Start of DATASET SECTION
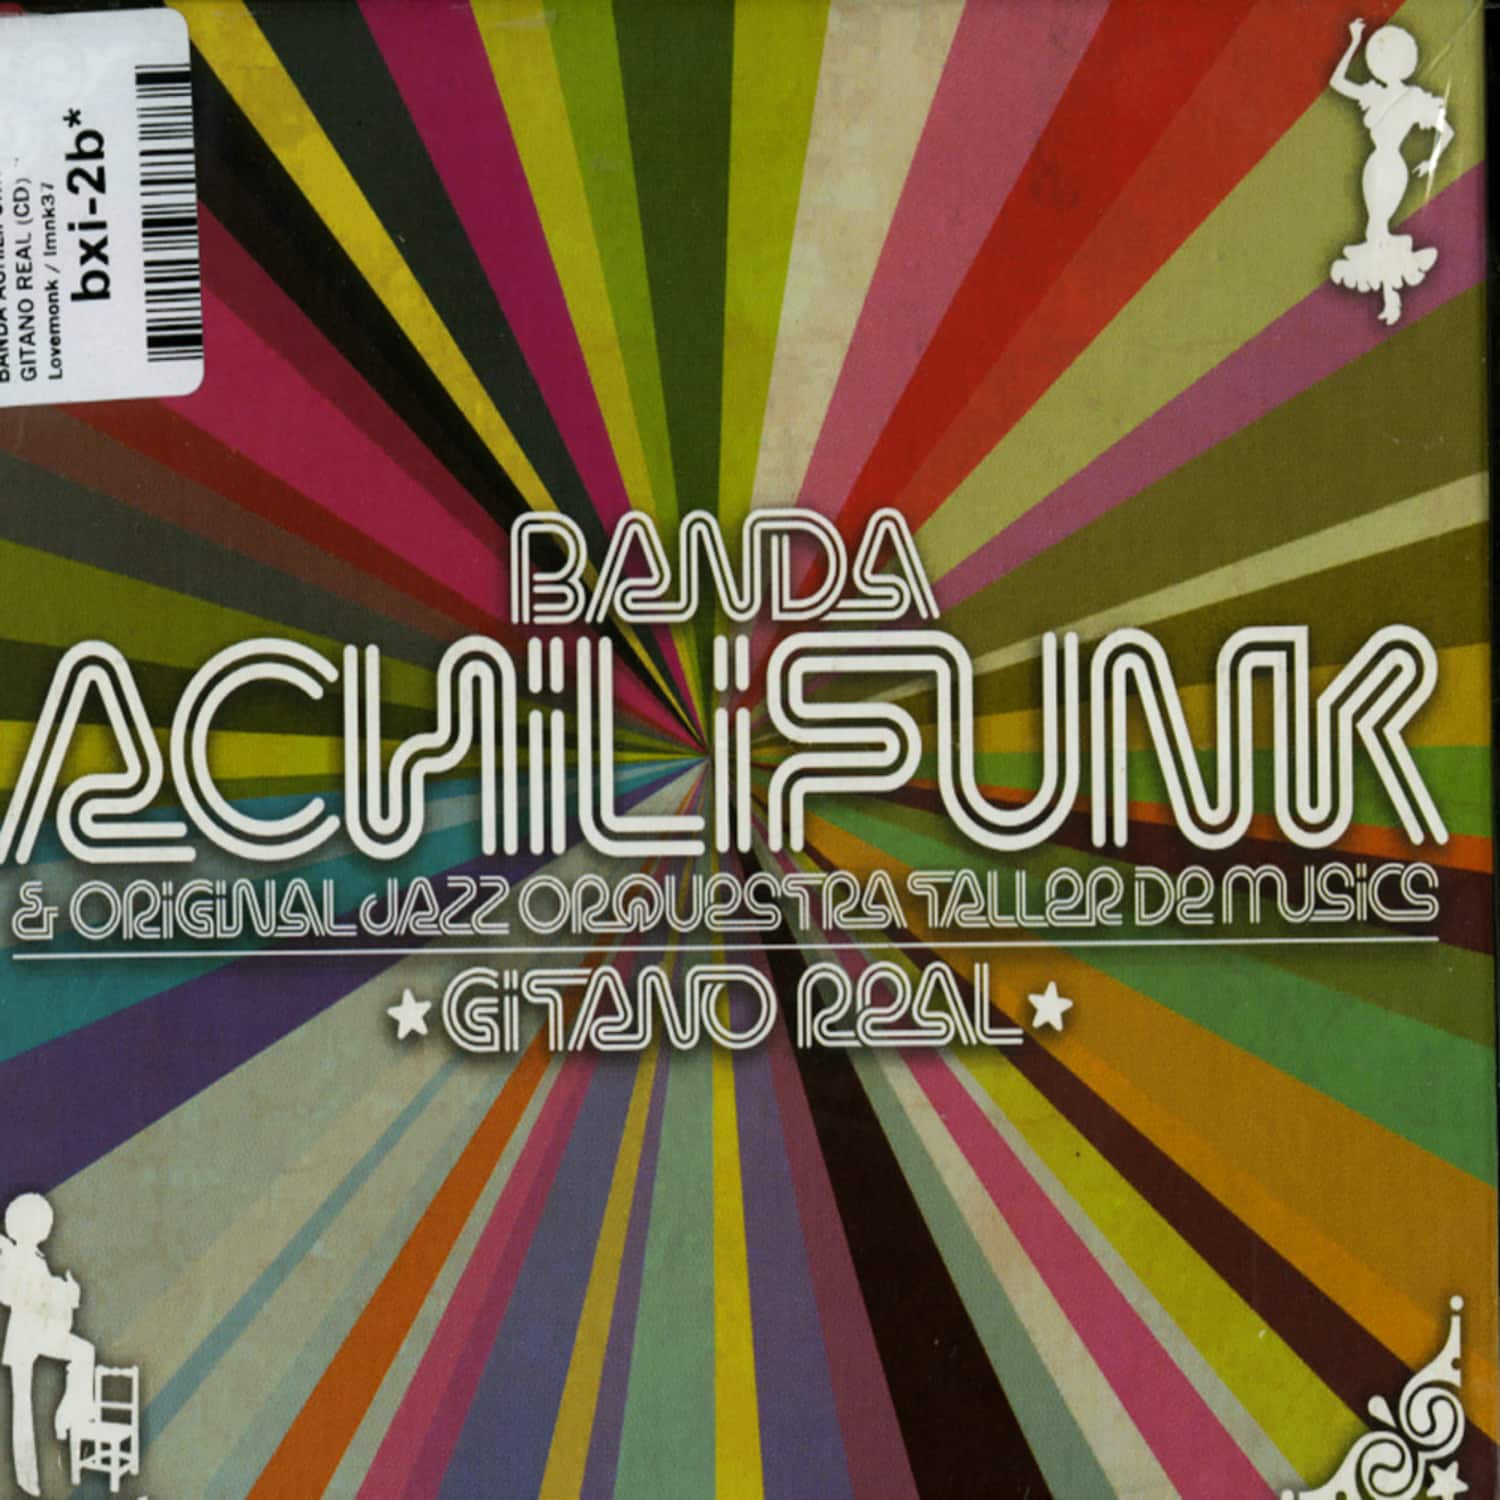 Banda Achilifunk - GITANO REAL 
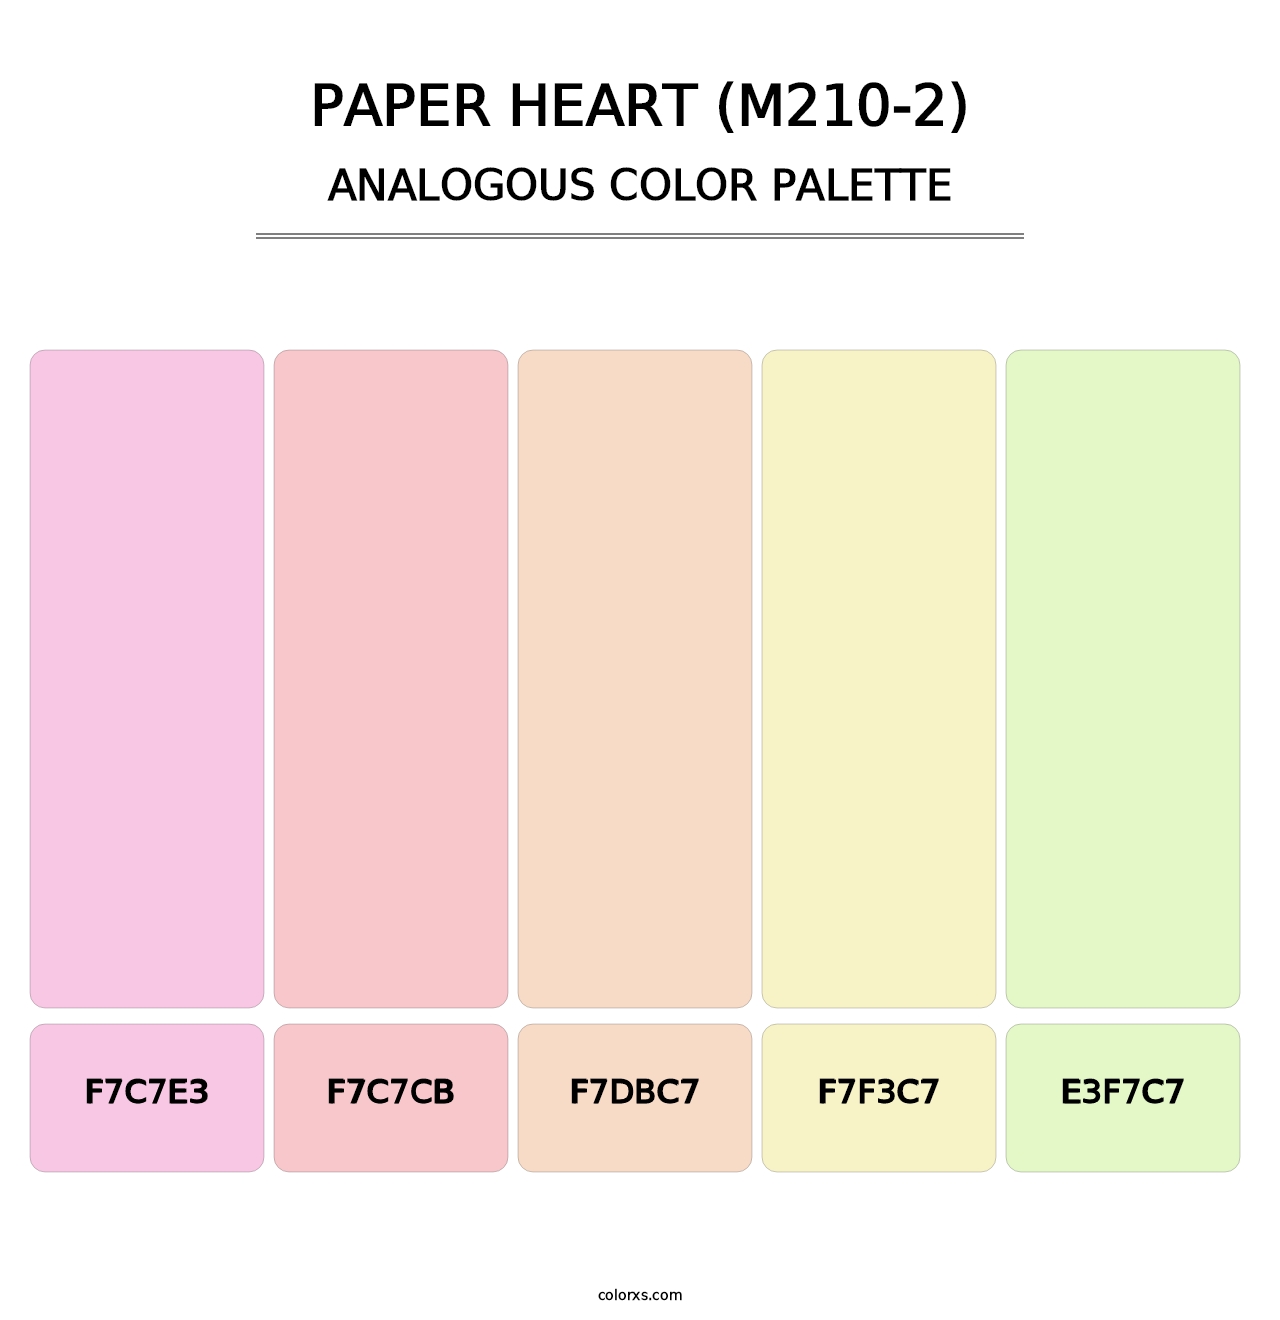 Paper Heart (M210-2) - Analogous Color Palette
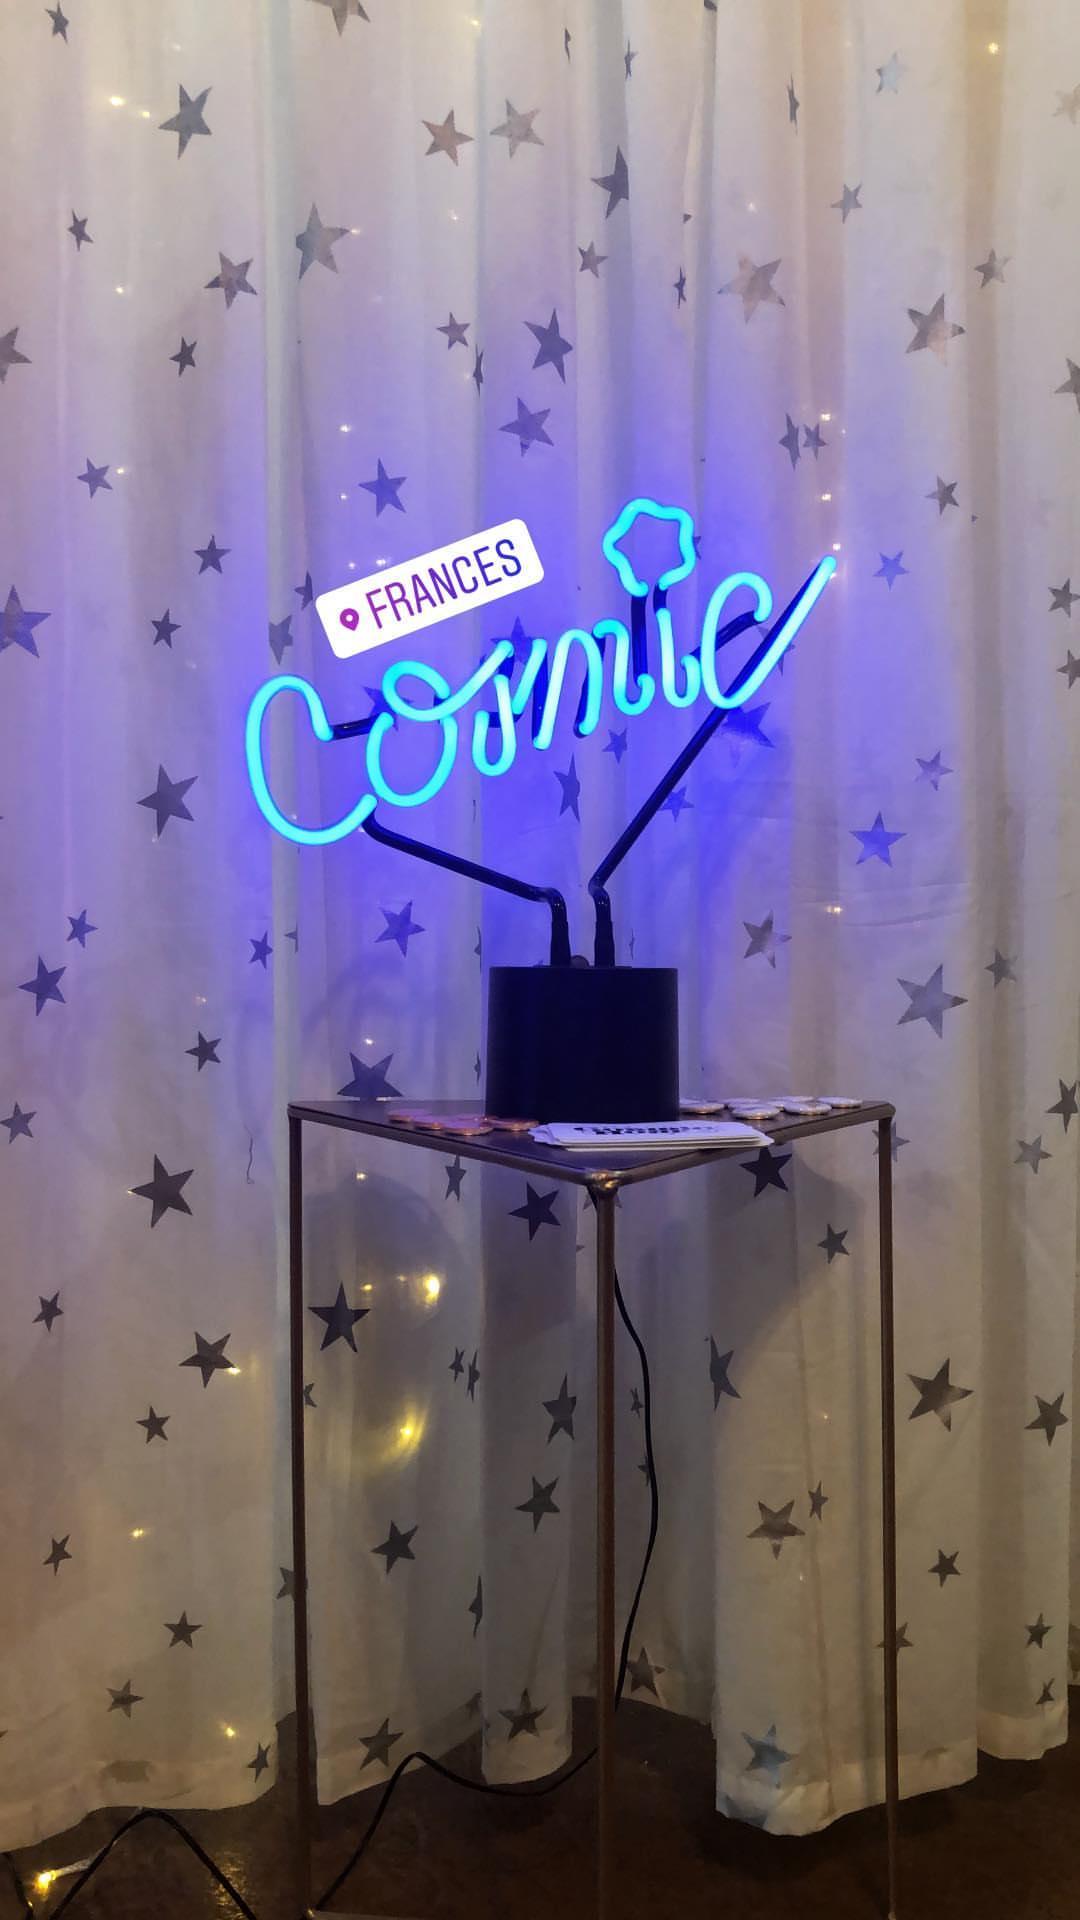 Cosmic Hour's set up at Frances boutique in Phoenix, AZ 
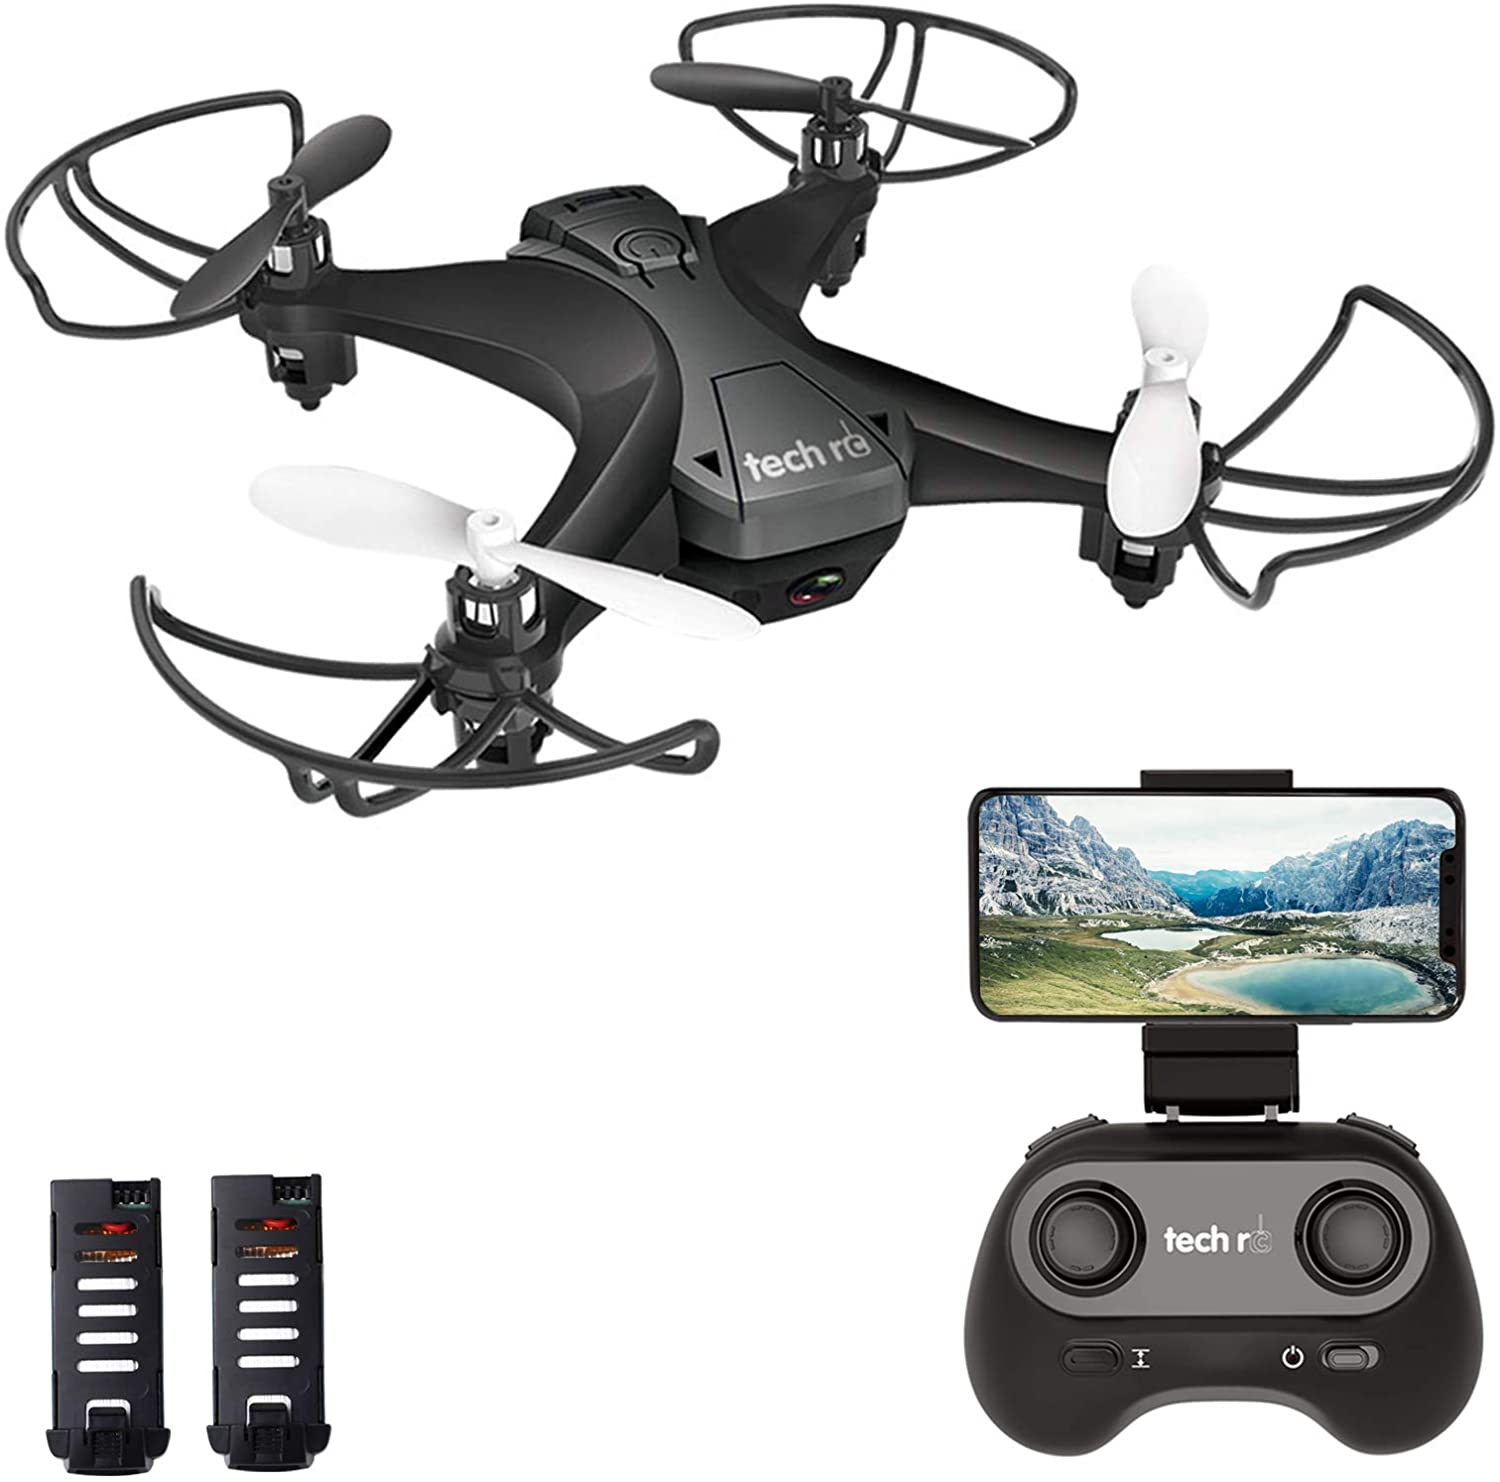 tech rc Mini Drone with Camera FPV Live Video Wifi
End of DATASET SECTION
REQUIREMENT => Please return the lines from the line with "Paper Heart (M210-2)" through the last line of the data, both included, exactly, and without pictures.

EXERCISE ANSWER =>
 Paper Heart (M210-2) - Analogous Color Palette
 Cosmic Hour's set up at Frances boutique in Phoenix, AZ 
 tech rc Mini Drone with Camera FPV Live Video Wifi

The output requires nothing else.